“My private journals.”
“Oh, I see,” said Aaron. “I will have a turn at them, with your permission. But what is this so carefully bound with red tape, and sealed, and marked—let me see, ‘Thomas Cringle, his log-book.’”
He looked at me.—“Why, my dear sir, to say the truth, that is my first attempt; full of trash, believe me;—what else could you expect, from so mere a lad as I was when I wrote it?”
“The child is father to the man, Tom, my boy; so may I peruse it; may I read it for the edification of my learned allies,—Pepperpot Wagtail, and Paul Gelid, esquires?”

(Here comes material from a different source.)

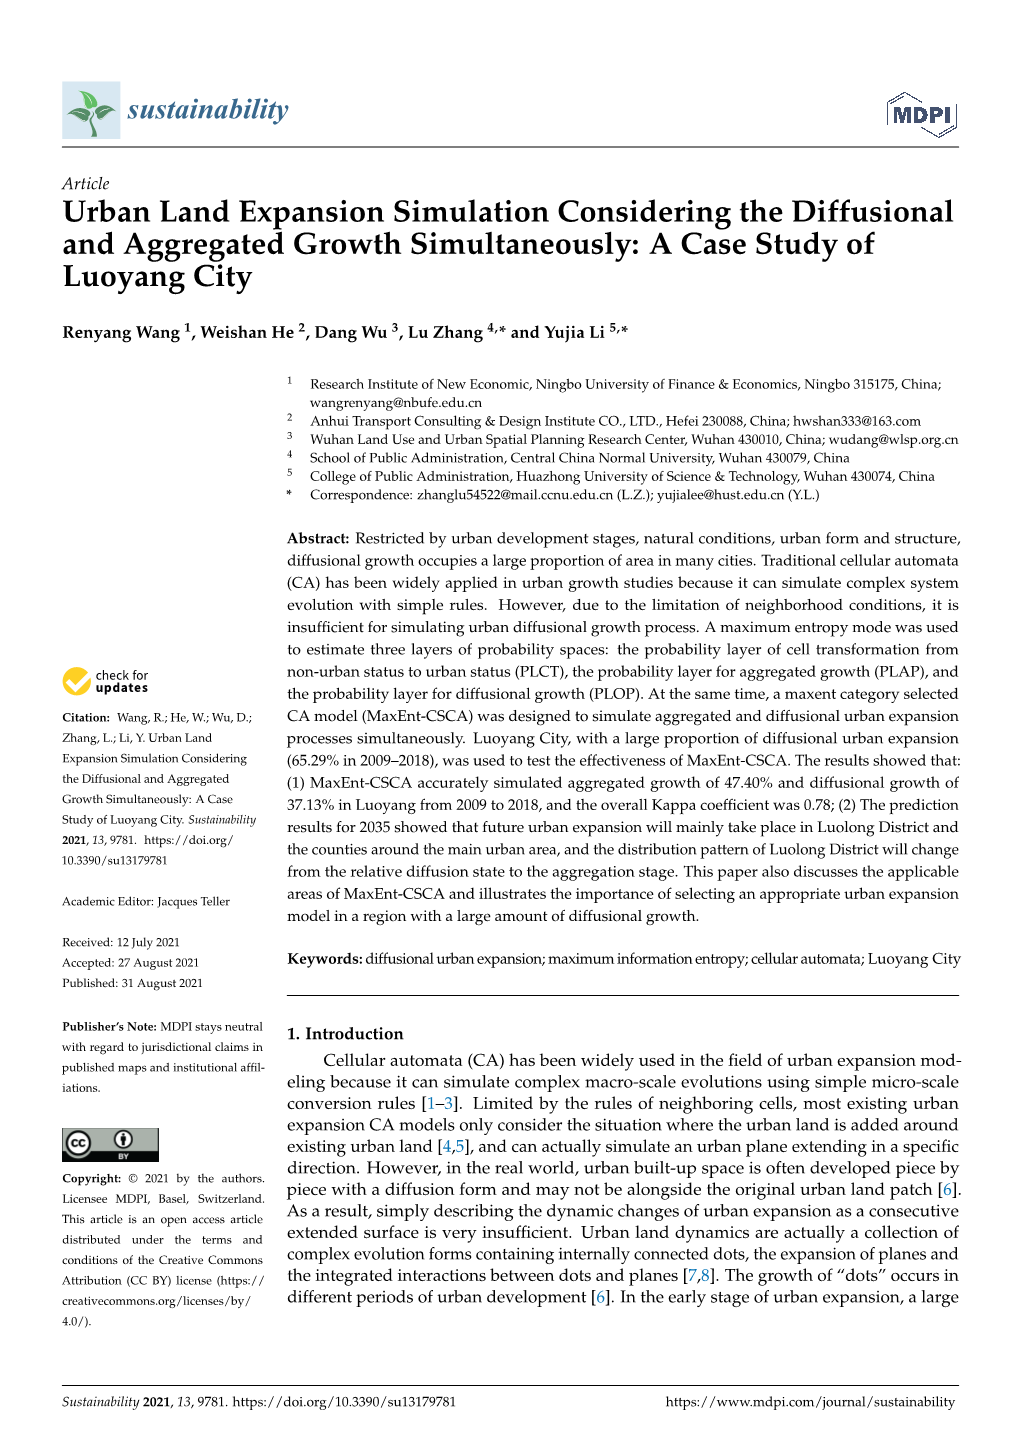 Urban Land Expansion Simulation Considering the Diffusional and Aggregated Growth Simultaneously: a Case Study of Luoyang City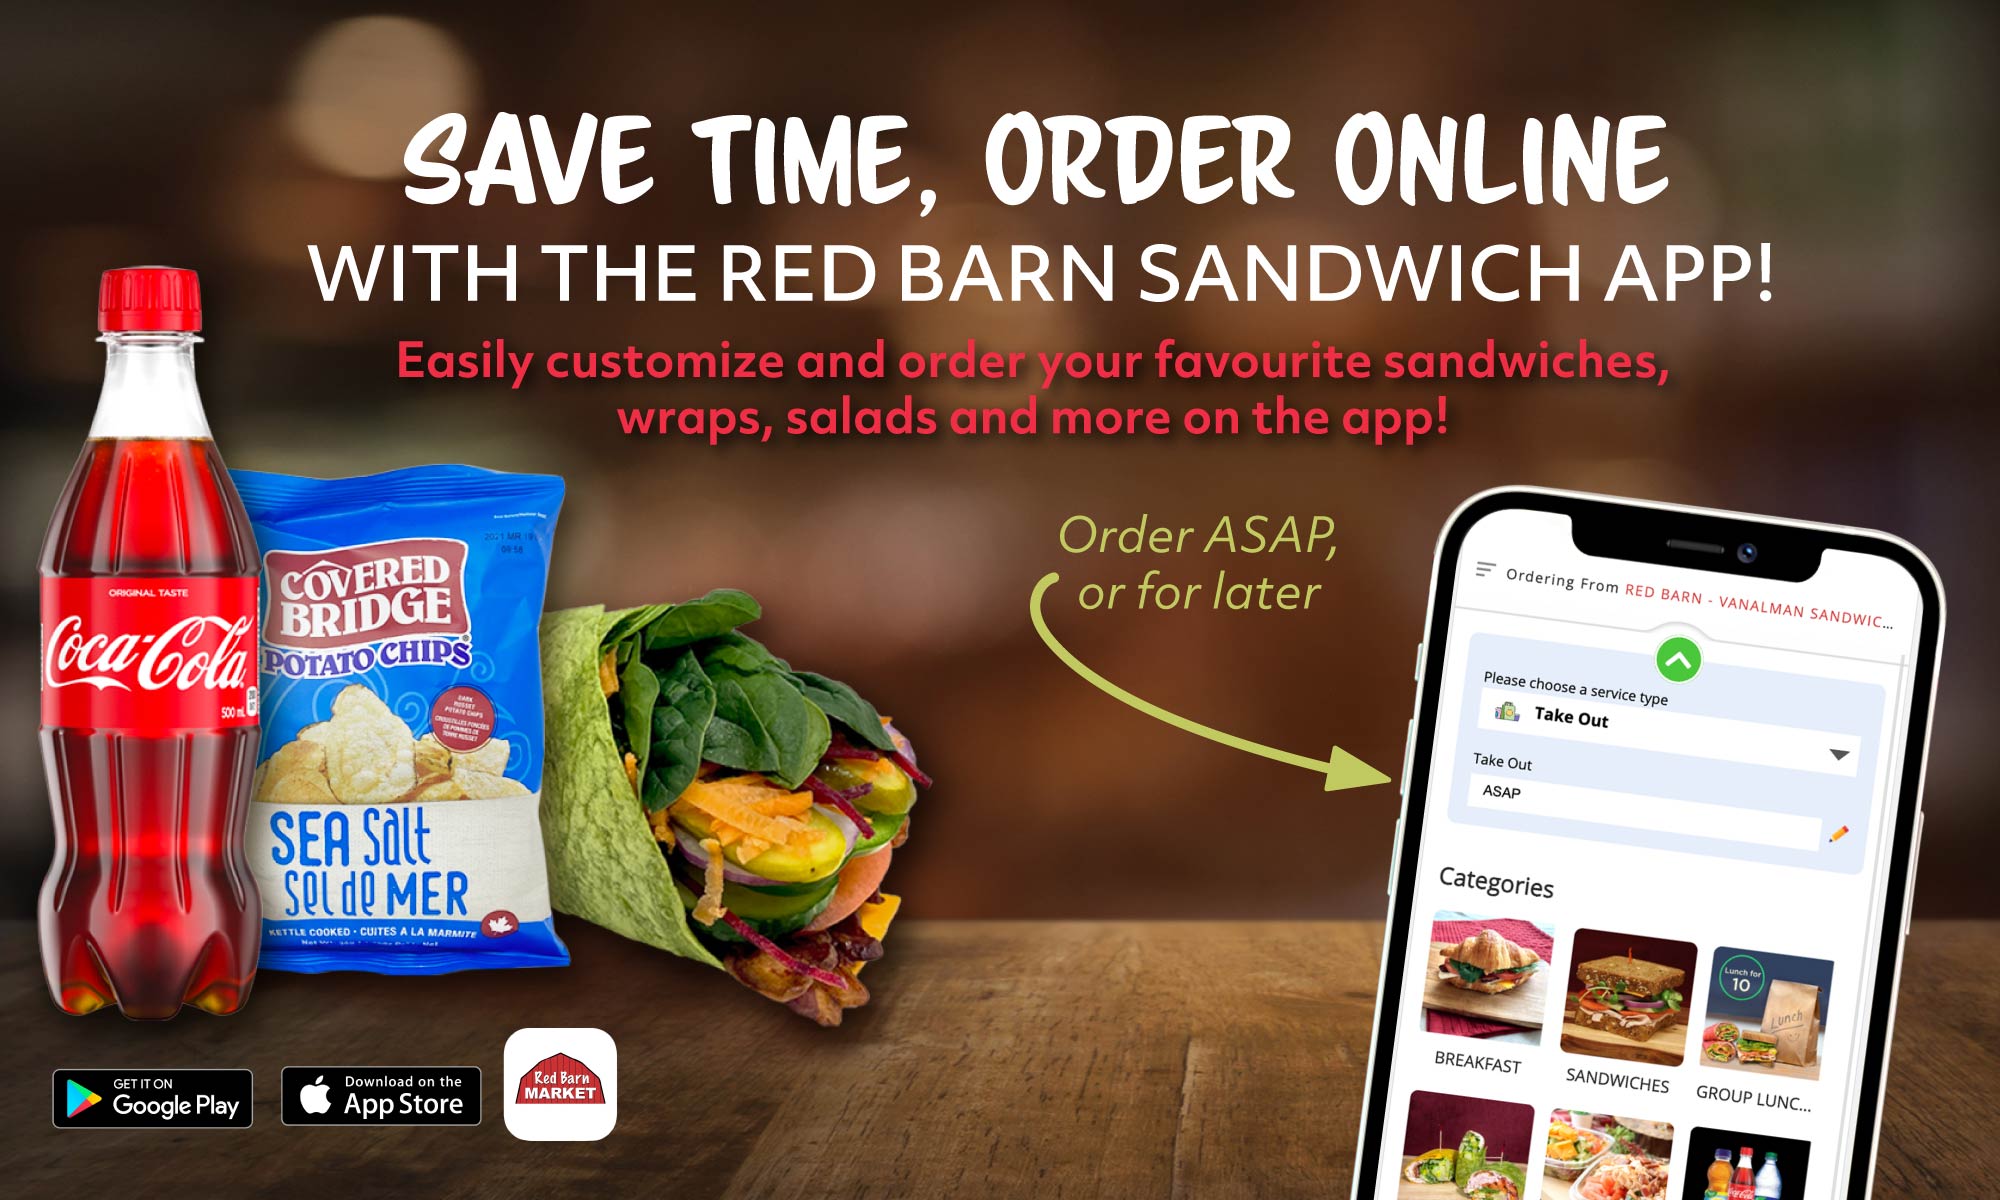 Get the Red Barn Sandwich App Customize and order your favourite sandwiches, wraps, salads and more with the Red Barn Market Sandwich App!

“Certainly,” I replied, “no objection in the world, but you will laugh at me, I know; still, do as you please, only, had you not better have your wound dressed first?”
“My wound! Poo, poo! just enough to swear by—a flea-bite never mind it; so here goes”—and he read aloud what is detailed in the “Launching of the Log,” making his remarks with so much naivete, that I daresay the reader will be glad to hear a few of them. His anxiety, for instance, when he read of the young aide-de-camp being shot and dragged by the stirrup, to know “what became of the empty horse,” was very entertaining; and when he had read the description of Davoust’s face and person, where I describe his nose, as neither fine nor dumpy—a fair enough proboscis as noses go, he laid down the Log with the most laughable seriousness.
“Now,” quoth he, “very inexplicit all this, Tom. Why, I am most curious in noses. I judge of character altogether from the nose. I never lose sight of a man’s snout, albeit I never saw the tip of my own. You may rely on it, that it is all a mistake to consider the regular Roman nose, with a curve like a shoemaker’s paring knife, or the straight Grecian, with a thin transparent ridge, that you can see through, or the Deutsch meerschaum, or the Saxon pump-handle, or the Scotch mull, or any other nose, that can be taken hold of, as the standard gnomon. No, no; I never saw a man with a large nose who was not a blockhead—eh! Gelid, my love? The pimple for me—the regular pimple but allons.”—And where, having introduced the German refugees to Captain Deadeye, I go on to say that I thereupon dived into the midshipmen’s berth for a morsel of comfort, and was soon “far into the secrets of a pork pie,”—he lay back, and exclaimed with a long drawling emphasis—“A pork pie!”
“A pork pie!” said Paul Gelid.
“Why, do you know,” said Mr Wagtail—“I—why, I never in all my life saw a pork pie.”
“My dear Pepperpot,” chimed in Gelid, “we both forget. Don’t you remember the day we dined with the Admiral at the pen, in July last?”